Zuzanna Bijoch (born 20 June 1994) is a Polish fashion model.

== Career ==
Bijoch was discovered at a modeling competition in Poland and booked a Prada campaign while in high school. She debuted at Georges Chakra in 2010 and walked for the spring Jason Wu, Topshop Unique, Salvatore Ferragamo, Marni, and Prada; she walked for Miu Miu in the 2011 season. For her work with Alexander McQueen, Valentino, Gucci, and Chloé, she was ranked on models.com’s “Top 50” list from 2014. She has also modeled for Givenchy, Marc Jacobs and a Louis Vuitton campaign. Bijoch walked over 50 shows in the 2011/12 season including Thakoon, Narciso Rodriguez, Nina Ricci, Victoria Beckham, Gianfranco Ferré, Moschino, and Balenciaga (which she closed).

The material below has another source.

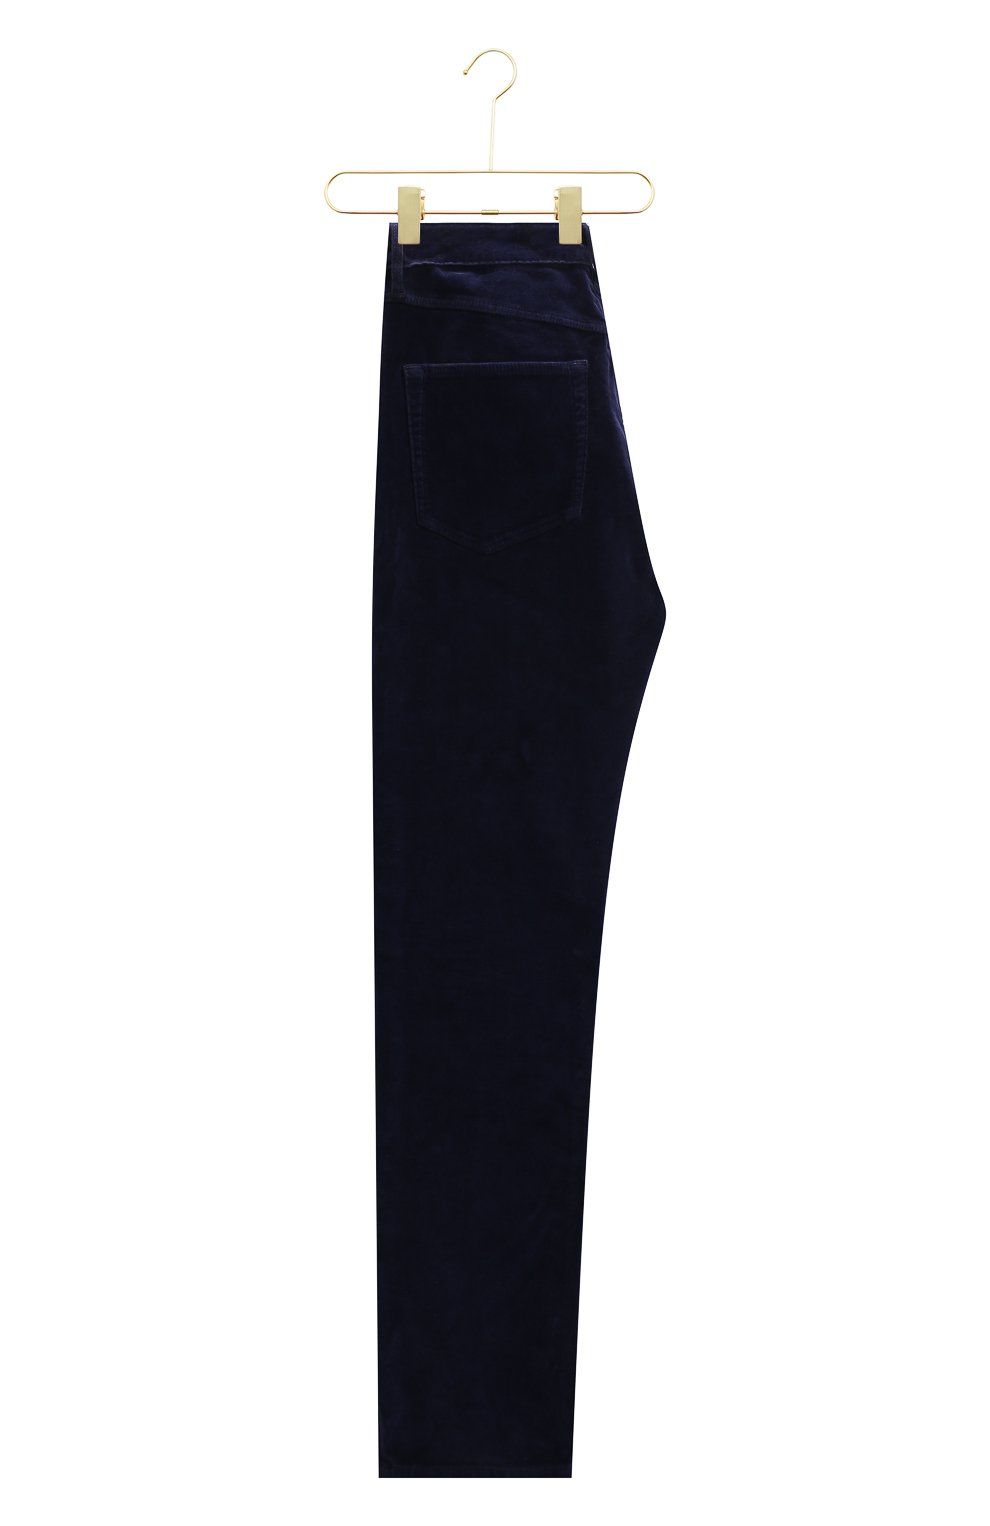 Хлопковые брюки | 3x1 | Синий - 2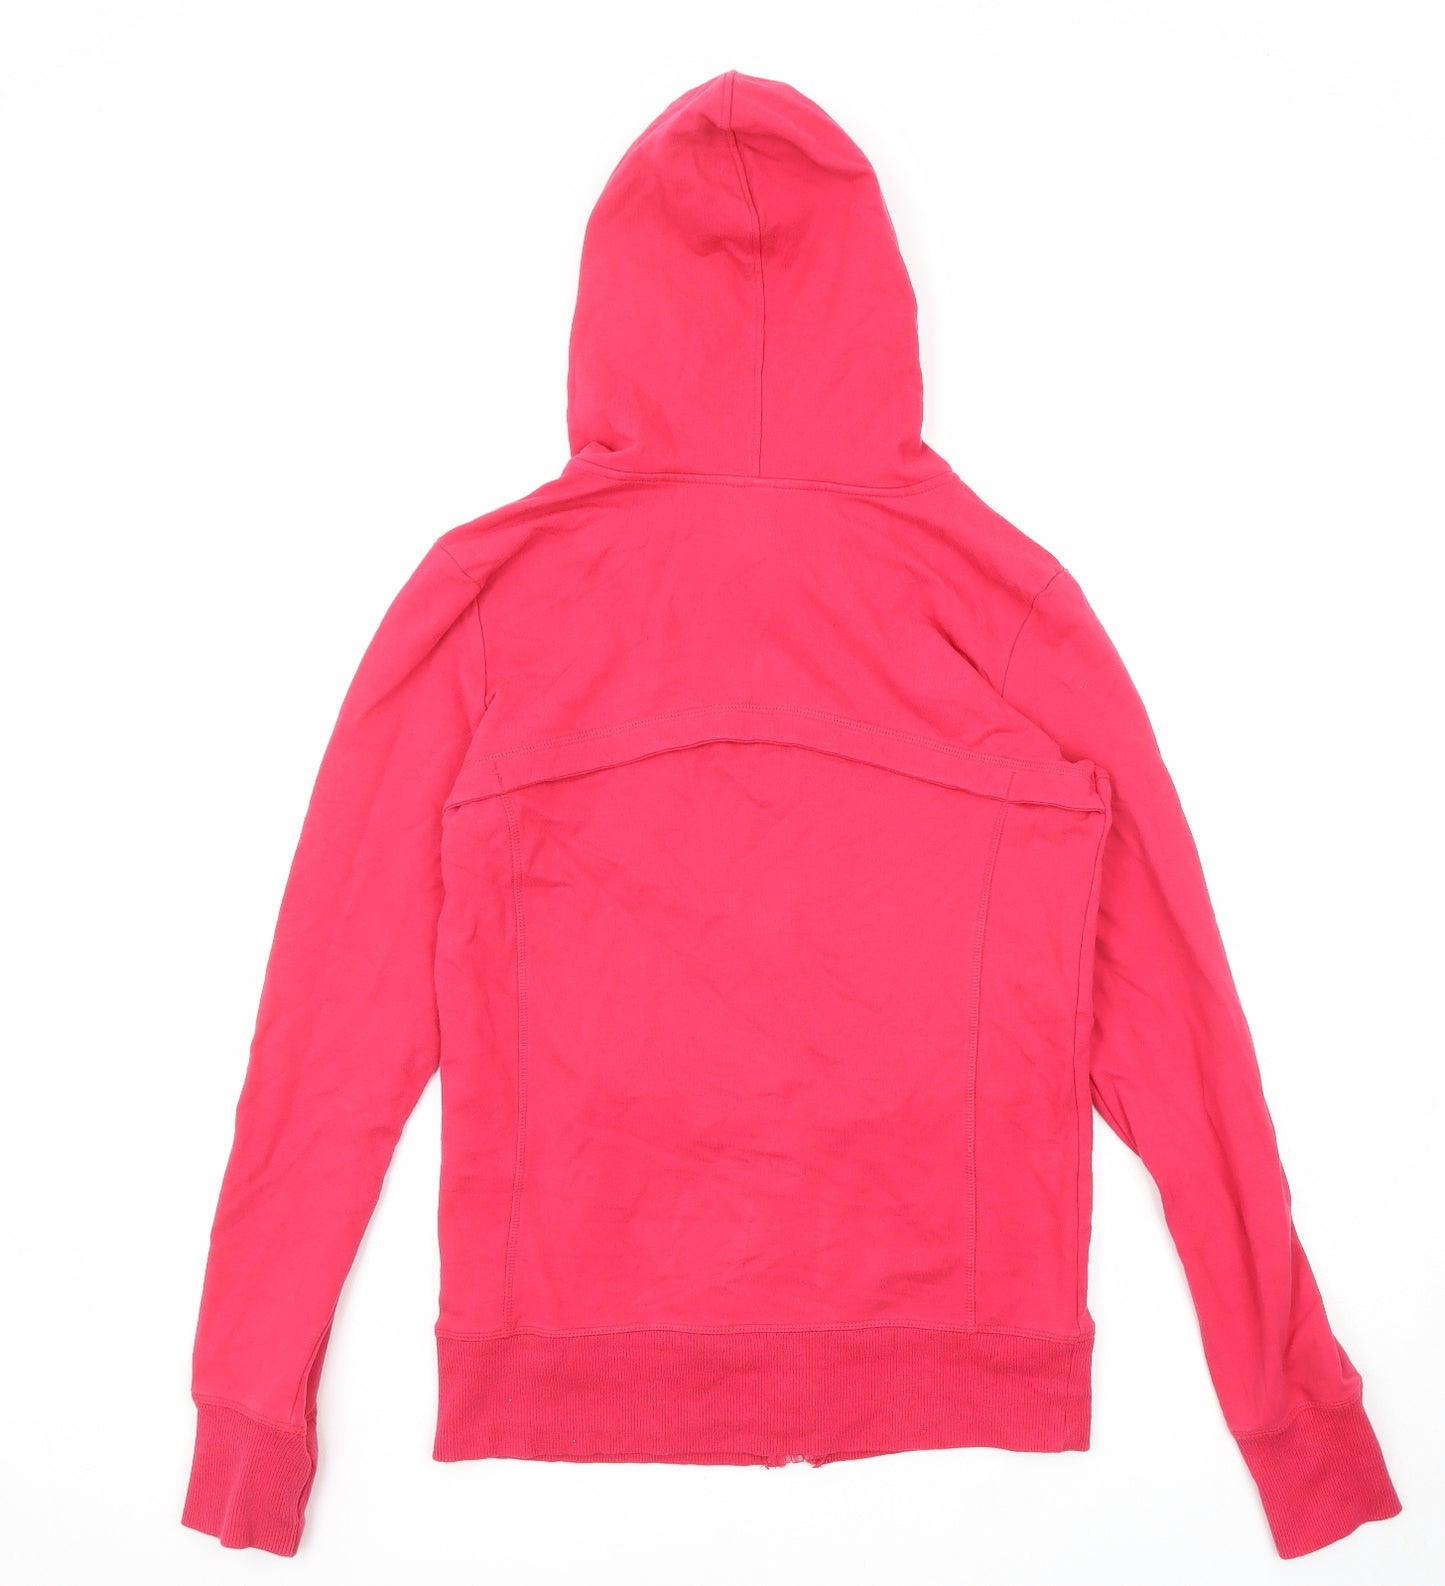 NEXT Womens Pink Cotton Full Zip Hoodie Size 12 Zip

Bijoch has been a guest judge on Poland’s Top Model.

== Personal life ==
In 2023, Bijoch graduated summa cum laude from Columbia University with a bachelor's degree in financial economics. She was valedictorian of the School of General Studies. The same year, she accepted a position at BDT & MSD Partners, a merchant bank headquartered in New York City.